With a tank that I still consider the most beautiful ever produced and a seat design that still wows in 2021, not a millimetre of the bike’s design looks out of place. Add in that jaunty exhaust line cutting back into reverse cones and the ventilated brakes? And the forks? Shut up and take my money.

#1: 1974 Ducati 750SS

A 1974 Ducati 750SS motorcycle parked on a tree-lined driveway
Image via

The Ducati design team was on fire in the 1970s. God knows what their secret was, but the number of two-wheeled stunners—both faired and unfaired—that they managed to design and then produce is nothing short of molto fantastico.

A 1974 Ducati 750SS motorcycle in a studio
Image via Moto Borogato

Clearly taking inspiration from their track bikes of the era, the bike was a barely-disguised road racer with the bare minimum amount of mods made to stop the Carabinieri from getting too upset. With a fairing design that looks like the god of motorcycling penned the lines themselves and a colour palette that sounds ridiculous on paper (is that teal?) but works incredibly well in real life, there’s never been a better example of exactly how Italian automotive design kicks so much butt.

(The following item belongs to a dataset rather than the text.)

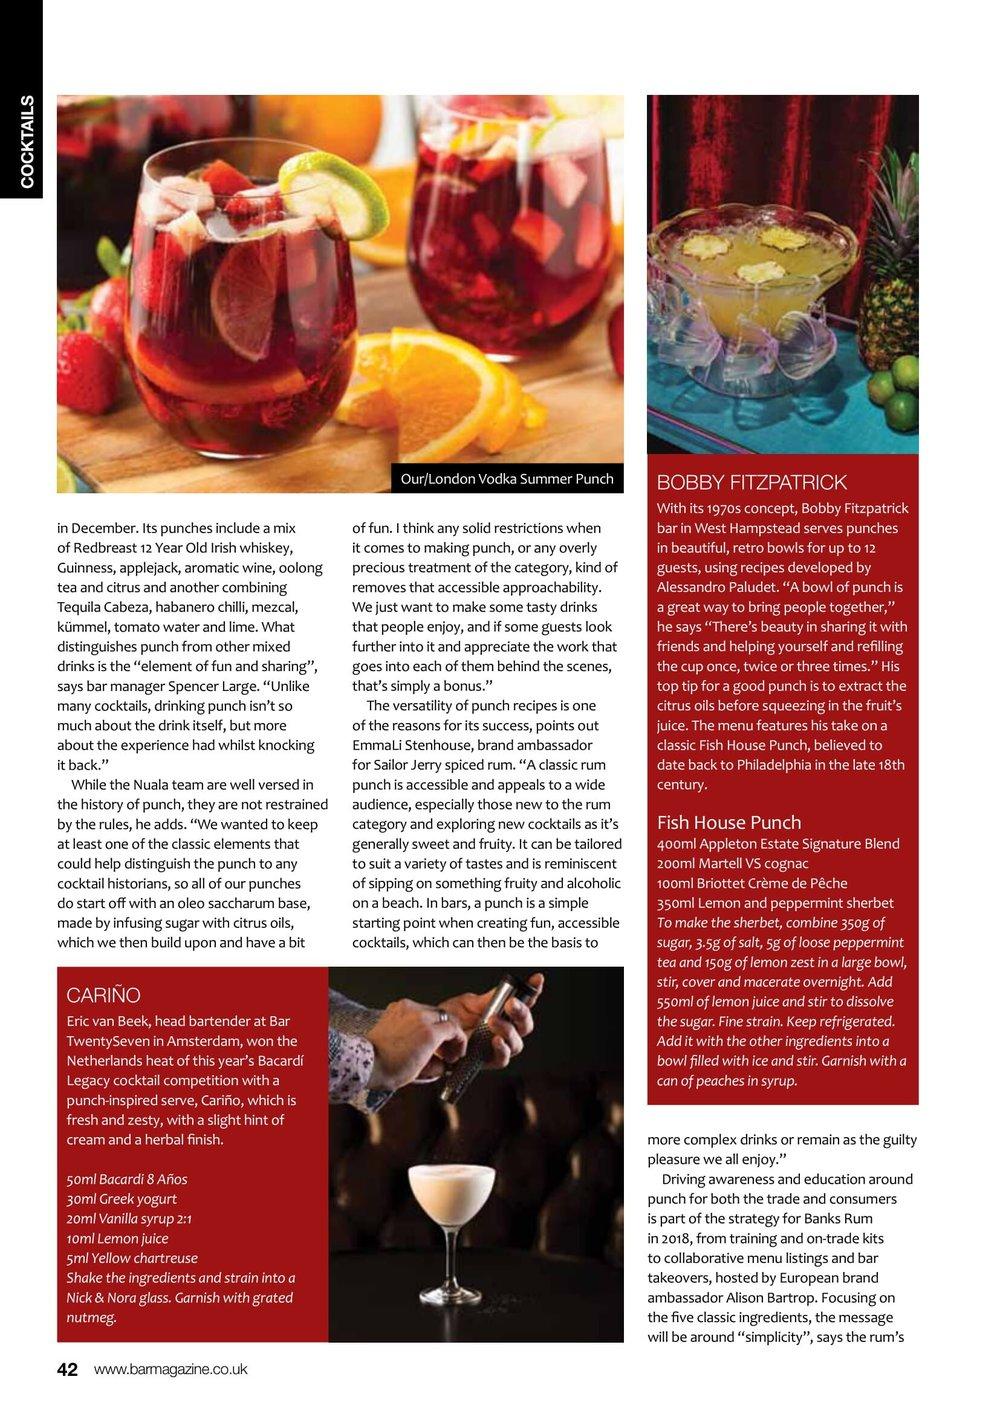 Bar Magazine- Bobby Fitzpatrick.jpeg

Honorable Mention: 1987 Honda VFR750R

 A 1987 Honda VFR750R motorcycle on a white studio background
Image via Nobu

Not much came out of the 80s that still looks sharp today. Hell, I could write a thesis on bad 80s American car designs (boxes, the lot of ‘em!). But meanwhile, in the land of the rising sun, something was going very, very right. And while it’s still a product of its time, I’d rock one in a second.

To my eyes, there are three main elements to the bike that really kill it (in a good way): the converging lines, the twin headlights, and that free-floating rear wheel.

A 1987 Honda VFR750R motorcycle at a sunny racetrack
Image via Iconic Motorbike Auctions

Commonly called the ‘RC30’, the bike was a technical tour-de-force, too. Because Honda. The (take a deep breath) 748cc 16-valve gear-driven double-overhead camshaft liquid-cooled RC24-derived 90° V4 produced a massive 118 hp at 11,000 rpm. Hot damn! Can you imagine banging into the redline on that?

The sum total effect is a bike that looks fast at a standstill, oozes cool racing cred, and functions as a killer street bike, too. And it might just be me, but doesn’t it have a certain toy-like quality that just makes you want to play with it?

‘What! No modern bikes!?’ I hear the peanut gallery shouting. If my editor had given me the luxury of adding a few motos to the list, I think it’s fair to say I would have included a Ducati Desmosedici, MH900e, or even a Panigale V4 (although I would have to say that I find the latter’s tail section way too, um, erect). I also had the not-so-modern Honda RC166 on my mind, along with the Norton Commando and the brand new MV Agusta Superveloce.